Over all, there does not appear to be very much interaction between LE and the clubs. One gets the feeling that the clubs are pretty much left alone to do as they choose. I am aware that there have been a few "enforcement actions" taken over the years -like about 10 years ago when it was decided that DATY at the stage might pose a health hazard, and that stopped in a hurry.
It occured to me that perhaps these clubs pay a fairly hefty annual "adult entertainment license" fee. A fee large enough that when multiplied by 7 or 8 adult establishments, produces an amount that is hard for the town to ignore. I would think that a town of this size might have an annual budget of $2 million or so. An annual adult license fee of $25k per club could yield $200k for the town, PLUS the town's cut of sales tax on drinks sold - assuming sales tax applies to drinks. All total, the town could realize upward of 25% of its annual budget from the strip clubs. All in exchange for a laissez-faire attitude from the jurisdiction.

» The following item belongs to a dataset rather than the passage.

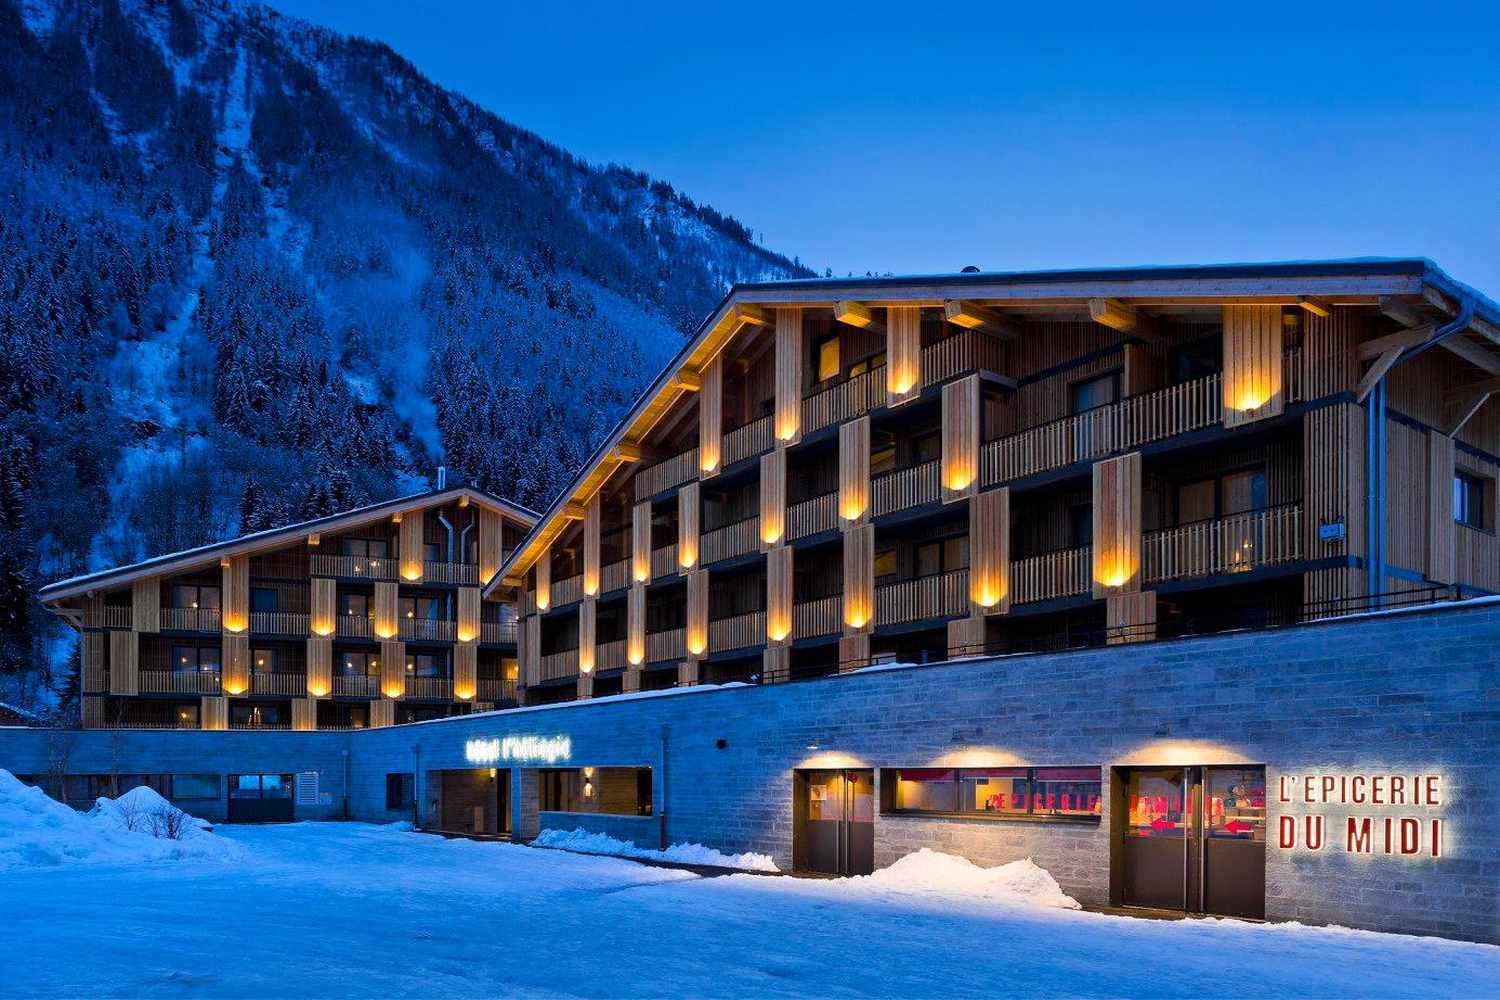 Heliopic Hotel & Spa Chamonix, Rhone Alpes - France

I doubt that the annual fee really is $25k, but the exercise of going through the math here illustrates how significant adult entertainment's DIRECT impact on a small local economy can be. Obviously it should be important to WP, and I suspect that it is.
Somebody else can do the math on Brooklyn, just up the road. It's probably even more surprising.
I assume that the other one-quarter of Brooklyn's income comes from that speed trap on the south edge of town.